WHAT IS REQUIRED -
Of the entries below, return exactly those lines that fall between the one containing "Ajoutez des couleurs" and the one containing "Burning Lips T-shirt", the two end lines included.

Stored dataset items
::::

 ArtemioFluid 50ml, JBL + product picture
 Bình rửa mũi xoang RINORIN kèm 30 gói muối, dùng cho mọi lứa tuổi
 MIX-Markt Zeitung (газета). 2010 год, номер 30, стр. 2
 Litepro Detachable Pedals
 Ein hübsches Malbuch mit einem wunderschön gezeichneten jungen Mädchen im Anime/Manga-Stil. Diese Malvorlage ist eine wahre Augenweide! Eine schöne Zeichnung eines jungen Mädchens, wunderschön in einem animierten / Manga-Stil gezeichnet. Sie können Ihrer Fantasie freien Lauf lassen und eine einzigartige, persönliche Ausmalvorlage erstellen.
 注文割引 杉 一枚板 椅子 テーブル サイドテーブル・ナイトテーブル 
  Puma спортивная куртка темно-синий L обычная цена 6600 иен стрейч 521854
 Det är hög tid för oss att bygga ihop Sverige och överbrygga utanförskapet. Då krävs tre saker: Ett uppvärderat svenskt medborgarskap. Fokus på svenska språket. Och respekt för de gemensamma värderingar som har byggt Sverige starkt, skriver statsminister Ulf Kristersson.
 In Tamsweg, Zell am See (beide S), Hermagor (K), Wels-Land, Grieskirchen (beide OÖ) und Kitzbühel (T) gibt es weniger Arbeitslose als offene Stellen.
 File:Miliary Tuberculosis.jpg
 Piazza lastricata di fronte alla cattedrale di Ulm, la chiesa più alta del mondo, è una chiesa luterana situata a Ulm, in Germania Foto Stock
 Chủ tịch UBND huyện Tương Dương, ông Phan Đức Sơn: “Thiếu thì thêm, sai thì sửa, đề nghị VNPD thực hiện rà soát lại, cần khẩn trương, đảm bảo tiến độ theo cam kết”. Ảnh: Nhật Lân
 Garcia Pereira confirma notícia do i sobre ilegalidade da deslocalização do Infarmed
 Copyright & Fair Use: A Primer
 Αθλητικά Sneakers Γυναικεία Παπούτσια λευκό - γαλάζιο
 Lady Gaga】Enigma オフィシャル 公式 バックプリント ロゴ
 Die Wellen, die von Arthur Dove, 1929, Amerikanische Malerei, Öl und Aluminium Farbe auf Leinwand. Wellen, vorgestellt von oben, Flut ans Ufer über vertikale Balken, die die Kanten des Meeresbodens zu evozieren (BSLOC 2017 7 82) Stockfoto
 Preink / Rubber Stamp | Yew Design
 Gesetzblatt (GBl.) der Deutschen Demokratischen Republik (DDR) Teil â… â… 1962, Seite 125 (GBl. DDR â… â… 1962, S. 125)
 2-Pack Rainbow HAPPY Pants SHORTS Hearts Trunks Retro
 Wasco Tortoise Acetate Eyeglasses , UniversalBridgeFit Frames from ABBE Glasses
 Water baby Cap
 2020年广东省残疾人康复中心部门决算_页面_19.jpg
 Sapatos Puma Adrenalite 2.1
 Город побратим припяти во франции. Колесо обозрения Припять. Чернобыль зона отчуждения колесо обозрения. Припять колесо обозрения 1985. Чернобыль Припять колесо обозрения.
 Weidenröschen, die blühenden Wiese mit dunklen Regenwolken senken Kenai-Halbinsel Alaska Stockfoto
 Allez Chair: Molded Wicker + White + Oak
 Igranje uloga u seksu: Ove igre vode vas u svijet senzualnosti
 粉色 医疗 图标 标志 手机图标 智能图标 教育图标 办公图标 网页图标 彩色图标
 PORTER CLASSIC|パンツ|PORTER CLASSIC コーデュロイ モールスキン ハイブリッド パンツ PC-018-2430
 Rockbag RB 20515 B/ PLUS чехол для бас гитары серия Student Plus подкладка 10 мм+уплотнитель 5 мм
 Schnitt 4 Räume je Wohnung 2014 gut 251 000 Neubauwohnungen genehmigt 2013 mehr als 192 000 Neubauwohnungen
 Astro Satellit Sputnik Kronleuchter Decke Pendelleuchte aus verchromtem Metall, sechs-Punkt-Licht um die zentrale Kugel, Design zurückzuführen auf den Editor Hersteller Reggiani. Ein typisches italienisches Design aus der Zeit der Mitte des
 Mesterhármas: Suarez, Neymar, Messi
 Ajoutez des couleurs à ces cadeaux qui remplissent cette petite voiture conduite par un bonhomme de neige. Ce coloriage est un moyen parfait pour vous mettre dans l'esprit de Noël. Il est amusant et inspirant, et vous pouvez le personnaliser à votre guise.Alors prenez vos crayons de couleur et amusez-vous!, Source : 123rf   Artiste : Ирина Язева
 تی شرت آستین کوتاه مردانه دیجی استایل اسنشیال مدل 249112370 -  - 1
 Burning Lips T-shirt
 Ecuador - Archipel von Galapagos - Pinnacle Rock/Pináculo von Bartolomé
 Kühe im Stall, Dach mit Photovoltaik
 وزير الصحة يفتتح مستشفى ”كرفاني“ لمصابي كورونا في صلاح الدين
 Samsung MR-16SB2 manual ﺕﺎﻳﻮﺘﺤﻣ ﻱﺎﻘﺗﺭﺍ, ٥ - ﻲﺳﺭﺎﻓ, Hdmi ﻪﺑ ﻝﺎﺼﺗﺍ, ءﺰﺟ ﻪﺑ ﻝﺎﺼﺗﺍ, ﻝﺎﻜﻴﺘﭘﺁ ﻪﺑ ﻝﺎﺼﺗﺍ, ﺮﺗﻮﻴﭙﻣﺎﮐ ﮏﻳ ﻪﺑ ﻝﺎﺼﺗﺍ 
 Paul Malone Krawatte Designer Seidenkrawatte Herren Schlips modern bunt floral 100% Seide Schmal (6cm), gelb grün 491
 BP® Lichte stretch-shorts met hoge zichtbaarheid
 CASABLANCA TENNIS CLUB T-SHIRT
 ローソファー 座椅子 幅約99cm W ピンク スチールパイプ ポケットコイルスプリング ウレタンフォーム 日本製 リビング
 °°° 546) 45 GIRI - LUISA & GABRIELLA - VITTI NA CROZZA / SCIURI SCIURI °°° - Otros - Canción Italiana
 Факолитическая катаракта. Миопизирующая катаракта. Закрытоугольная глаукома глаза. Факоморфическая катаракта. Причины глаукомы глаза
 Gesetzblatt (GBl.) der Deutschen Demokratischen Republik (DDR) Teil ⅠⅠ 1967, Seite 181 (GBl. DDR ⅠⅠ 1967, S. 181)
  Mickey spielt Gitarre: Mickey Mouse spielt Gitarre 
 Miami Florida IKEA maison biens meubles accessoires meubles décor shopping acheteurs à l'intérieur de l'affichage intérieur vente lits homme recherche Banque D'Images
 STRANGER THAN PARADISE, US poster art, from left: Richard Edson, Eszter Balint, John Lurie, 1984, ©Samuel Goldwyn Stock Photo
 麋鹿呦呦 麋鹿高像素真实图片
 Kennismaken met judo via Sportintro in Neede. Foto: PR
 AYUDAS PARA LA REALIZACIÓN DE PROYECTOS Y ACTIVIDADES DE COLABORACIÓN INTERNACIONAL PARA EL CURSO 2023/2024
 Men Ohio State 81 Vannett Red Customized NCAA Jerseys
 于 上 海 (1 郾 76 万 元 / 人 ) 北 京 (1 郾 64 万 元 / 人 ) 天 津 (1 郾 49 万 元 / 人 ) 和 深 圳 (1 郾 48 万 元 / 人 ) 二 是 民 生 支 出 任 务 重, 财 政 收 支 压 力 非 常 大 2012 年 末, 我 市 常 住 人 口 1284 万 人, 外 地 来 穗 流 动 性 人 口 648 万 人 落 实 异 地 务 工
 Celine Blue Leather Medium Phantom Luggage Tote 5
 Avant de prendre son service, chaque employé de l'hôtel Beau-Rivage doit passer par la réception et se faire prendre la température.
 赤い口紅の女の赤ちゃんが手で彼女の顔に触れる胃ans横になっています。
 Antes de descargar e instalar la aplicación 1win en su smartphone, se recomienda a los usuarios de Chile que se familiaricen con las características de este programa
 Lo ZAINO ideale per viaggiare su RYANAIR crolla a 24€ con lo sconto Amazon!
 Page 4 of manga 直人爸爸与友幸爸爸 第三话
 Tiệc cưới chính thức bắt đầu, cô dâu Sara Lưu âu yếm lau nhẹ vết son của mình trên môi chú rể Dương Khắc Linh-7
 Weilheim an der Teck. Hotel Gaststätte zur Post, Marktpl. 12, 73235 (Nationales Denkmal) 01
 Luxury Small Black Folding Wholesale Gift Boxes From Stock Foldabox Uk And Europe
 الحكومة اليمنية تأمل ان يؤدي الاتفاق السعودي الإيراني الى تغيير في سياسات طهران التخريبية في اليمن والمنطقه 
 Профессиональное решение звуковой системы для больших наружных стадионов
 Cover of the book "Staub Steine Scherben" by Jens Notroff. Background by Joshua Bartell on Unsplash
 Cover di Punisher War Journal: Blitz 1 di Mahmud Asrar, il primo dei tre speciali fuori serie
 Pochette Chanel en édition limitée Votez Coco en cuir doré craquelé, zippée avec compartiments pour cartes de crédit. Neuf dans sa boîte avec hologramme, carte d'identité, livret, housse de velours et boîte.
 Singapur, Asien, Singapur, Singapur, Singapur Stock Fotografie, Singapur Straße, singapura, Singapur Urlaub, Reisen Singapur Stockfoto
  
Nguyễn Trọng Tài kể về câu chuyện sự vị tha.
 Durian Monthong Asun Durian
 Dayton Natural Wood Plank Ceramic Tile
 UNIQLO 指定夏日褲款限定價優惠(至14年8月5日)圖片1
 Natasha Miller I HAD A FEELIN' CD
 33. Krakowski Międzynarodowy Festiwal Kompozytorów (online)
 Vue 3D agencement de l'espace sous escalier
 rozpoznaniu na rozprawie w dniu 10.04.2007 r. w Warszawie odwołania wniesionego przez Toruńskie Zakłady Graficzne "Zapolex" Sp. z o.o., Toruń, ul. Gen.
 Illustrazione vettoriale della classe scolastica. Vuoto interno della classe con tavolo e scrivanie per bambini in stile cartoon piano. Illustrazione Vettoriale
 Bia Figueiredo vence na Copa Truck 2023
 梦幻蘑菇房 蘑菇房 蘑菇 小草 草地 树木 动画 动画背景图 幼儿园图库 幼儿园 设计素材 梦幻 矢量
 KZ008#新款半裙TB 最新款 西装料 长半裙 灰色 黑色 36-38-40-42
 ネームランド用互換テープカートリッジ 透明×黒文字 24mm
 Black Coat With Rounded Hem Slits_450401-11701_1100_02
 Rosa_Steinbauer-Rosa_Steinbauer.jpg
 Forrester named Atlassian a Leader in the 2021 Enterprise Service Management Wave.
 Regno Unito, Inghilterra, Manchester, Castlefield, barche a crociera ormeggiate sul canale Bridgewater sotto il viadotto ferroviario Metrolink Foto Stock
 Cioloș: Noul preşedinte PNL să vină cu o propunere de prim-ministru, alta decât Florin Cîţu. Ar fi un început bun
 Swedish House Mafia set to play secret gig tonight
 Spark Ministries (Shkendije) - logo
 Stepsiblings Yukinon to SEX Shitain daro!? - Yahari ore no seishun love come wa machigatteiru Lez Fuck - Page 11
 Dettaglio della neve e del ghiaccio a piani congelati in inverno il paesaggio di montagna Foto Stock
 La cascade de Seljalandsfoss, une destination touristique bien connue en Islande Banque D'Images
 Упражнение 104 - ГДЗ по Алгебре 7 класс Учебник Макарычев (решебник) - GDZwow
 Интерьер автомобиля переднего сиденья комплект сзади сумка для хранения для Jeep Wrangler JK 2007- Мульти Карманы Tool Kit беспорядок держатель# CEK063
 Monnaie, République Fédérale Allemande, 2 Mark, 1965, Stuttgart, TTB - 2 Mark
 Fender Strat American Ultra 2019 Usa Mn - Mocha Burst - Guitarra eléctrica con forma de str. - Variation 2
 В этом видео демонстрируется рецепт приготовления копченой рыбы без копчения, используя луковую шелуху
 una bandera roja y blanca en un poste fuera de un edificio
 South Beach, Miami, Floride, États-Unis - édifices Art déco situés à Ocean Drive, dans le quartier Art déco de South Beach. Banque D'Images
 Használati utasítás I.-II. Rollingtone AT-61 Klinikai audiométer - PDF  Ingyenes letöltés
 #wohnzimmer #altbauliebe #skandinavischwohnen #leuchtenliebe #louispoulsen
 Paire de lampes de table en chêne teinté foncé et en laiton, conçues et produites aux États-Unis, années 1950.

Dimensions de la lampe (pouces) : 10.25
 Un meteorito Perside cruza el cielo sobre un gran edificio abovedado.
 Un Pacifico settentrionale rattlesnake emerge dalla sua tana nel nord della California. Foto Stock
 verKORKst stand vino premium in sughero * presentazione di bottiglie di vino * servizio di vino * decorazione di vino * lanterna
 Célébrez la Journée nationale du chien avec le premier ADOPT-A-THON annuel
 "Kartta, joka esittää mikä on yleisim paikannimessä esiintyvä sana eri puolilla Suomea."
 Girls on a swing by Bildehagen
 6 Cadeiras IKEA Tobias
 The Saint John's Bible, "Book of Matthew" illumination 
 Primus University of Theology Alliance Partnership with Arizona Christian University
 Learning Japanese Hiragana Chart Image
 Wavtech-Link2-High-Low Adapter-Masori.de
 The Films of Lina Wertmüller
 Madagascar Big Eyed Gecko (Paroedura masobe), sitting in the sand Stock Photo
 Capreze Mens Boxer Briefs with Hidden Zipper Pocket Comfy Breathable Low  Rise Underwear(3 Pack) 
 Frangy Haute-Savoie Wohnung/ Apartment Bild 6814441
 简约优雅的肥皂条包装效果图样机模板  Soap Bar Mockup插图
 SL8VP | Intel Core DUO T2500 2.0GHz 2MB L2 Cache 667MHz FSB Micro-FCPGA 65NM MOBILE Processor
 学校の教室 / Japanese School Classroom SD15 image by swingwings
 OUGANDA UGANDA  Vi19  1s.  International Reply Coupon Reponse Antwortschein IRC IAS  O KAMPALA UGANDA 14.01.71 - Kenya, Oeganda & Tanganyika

::::

ANSWER SECTION -
 Ajoutez des couleurs à ces cadeaux qui remplissent cette petite voiture conduite par un bonhomme de neige. Ce coloriage est un moyen parfait pour vous mettre dans l'esprit de Noël. Il est amusant et inspirant, et vous pouvez le personnaliser à votre guise.Alors prenez vos crayons de couleur et amusez-vous!, Source : 123rf   Artiste : Ирина Язева
 تی شرت آستین کوتاه مردانه دیجی استایل اسنشیال مدل 249112370 -  - 1
 Burning Lips T-shirt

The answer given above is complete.